Reputation: 8711
I have the below spark dataframe:
val df = Seq(("US",10),("IND",20),("NZ",30),("CAN",40)).toDF("a","b")
df.show(false)
+---+---+
|a |b |
+---+---+
|US |10 |
|IND|20 |
|NZ |30 |
|CAN|40 |
+---+---+
and I'm applying the when()
condition as follows:
df.withColumn("x", when(col("a").isin(us_list:_*),"u").when(col("a").isin(i_list:_*),"i").when(col("a").isin(n_list:_*),"n").otherwise("-")).show(false)
+---+---+---+
|a |b |x |
+---+---+---+
|US |10 |u |
|IND|20 |i |
|NZ |30 |n |
|CAN|40 |- |
+---+---+---+
Now to minimize the code, I'm trying the below:
val us_list = Array("U","US")
val i_list = Array("I","IND")
val n_list = Array("N","NZ")
val ar1 = Array((us_list,"u"),(i_list,"i"),(n_list,"n"))
val ap = ar1.map( x => when(col("a").isInCollection(x._1),x._2) )
This results in
ap: Array[org.apache.spark.sql.Column] = Array(CASE WHEN (a IN (U, US)) THEN u END, CASE WHEN (a IN (I, IND)) THEN i END, CASE WHEN (a IN (N, NZ)) THEN n END)
but when I try
val ap = ar1.map( x => when(col("a").isInCollection(x._1),x._2) ).reduce( (x,y) => x.y )
I get an error. How to fix this?
Upvotes: 1
Views: 865
Reputation: 42392
There is usually no need to combine when
statements using reduce
/fold
etc. coalesce
is enough because the when
statements are evaluated in sequence, and gives null
when the condition is false. Also it can save you from specifying otherwise
because you can just append one more column to the list of arguments to coalesce
.
val ar1 = Array((us_list,"u"),(i_list,"i"),(n_list,"n"))
val ap = ar1.map( x => when(col("a").isInCollection(x._1),x._2) )
val combined = coalesce(ap :+ lit("-"): _*)

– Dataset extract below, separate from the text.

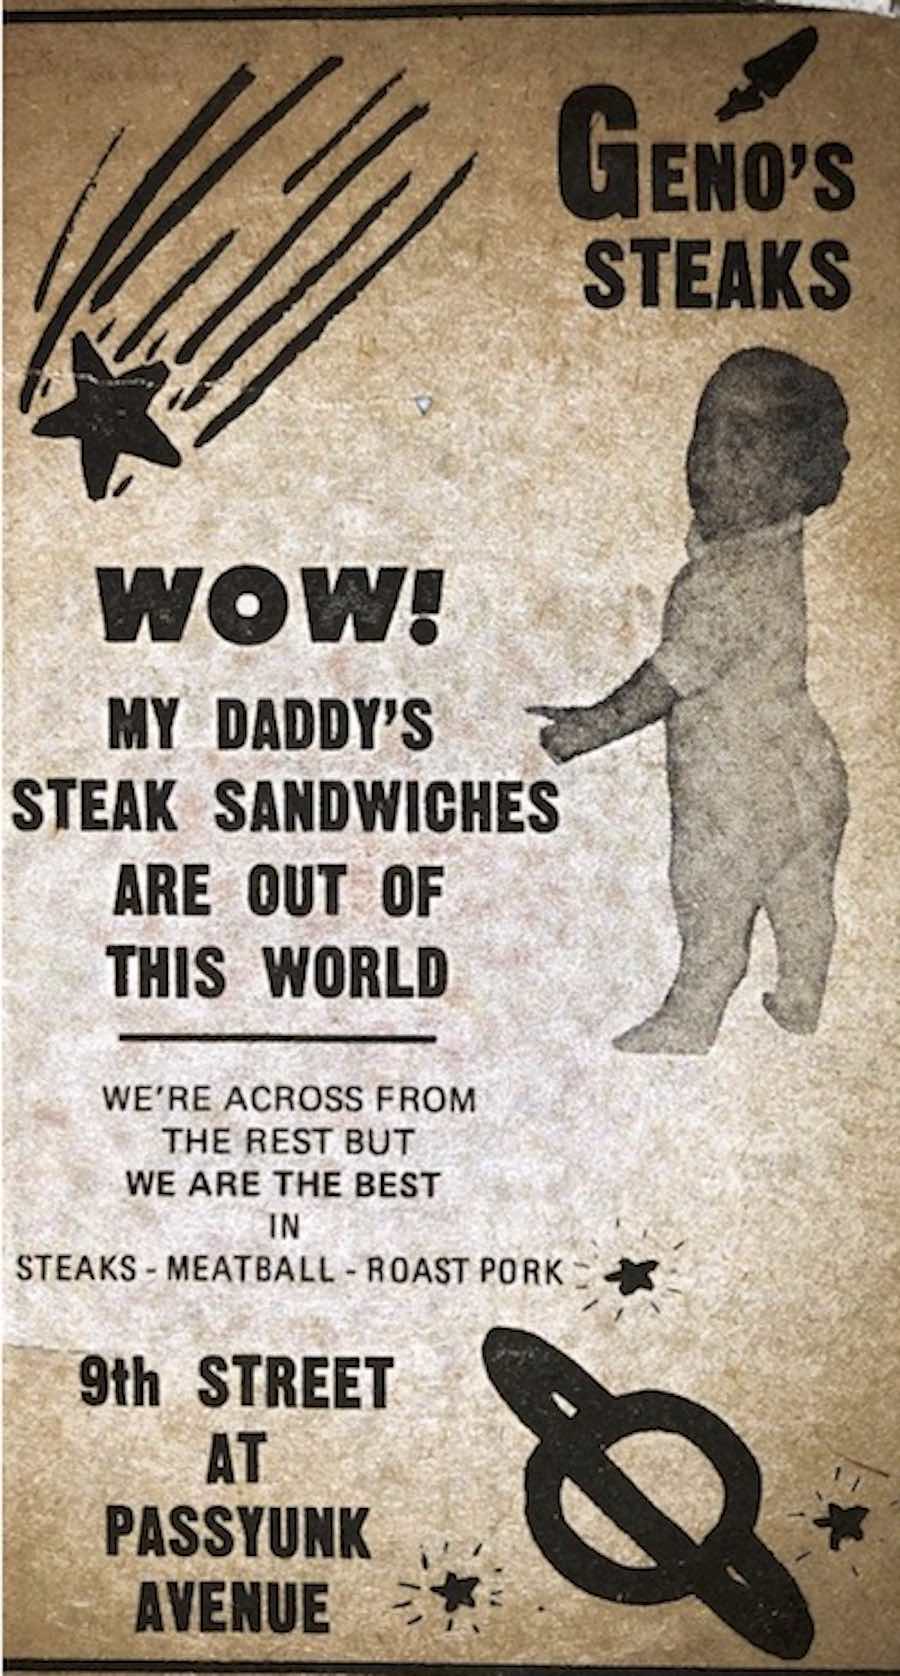 An old Geno's Steaks ad

df.withColumn("x", combined).show
+---+---+---+
| a| b| x|
+---+---+---+
| US| 10| u|
|IND| 20| i|
| NZ| 30| n|
|CAN| 40| -|
+---+---+---+
Upvotes: 1
Reputation: 32680
You can use foldLeft on ar1
list :
val x = ar1.foldLeft(lit("-")) { case (acc, (list, value)) =>
when(col("a").isin(list: _*), value).otherwise(acc)
}
// x: org.apache.spark.sql.Column = CASE WHEN (a IN (N, NZ)) THEN n ELSE CASE WHEN (a IN (I, IND)) THEN i ELSE CASE WHEN (a IN (U, US)) THEN u ELSE - END END END
Upvotes: 1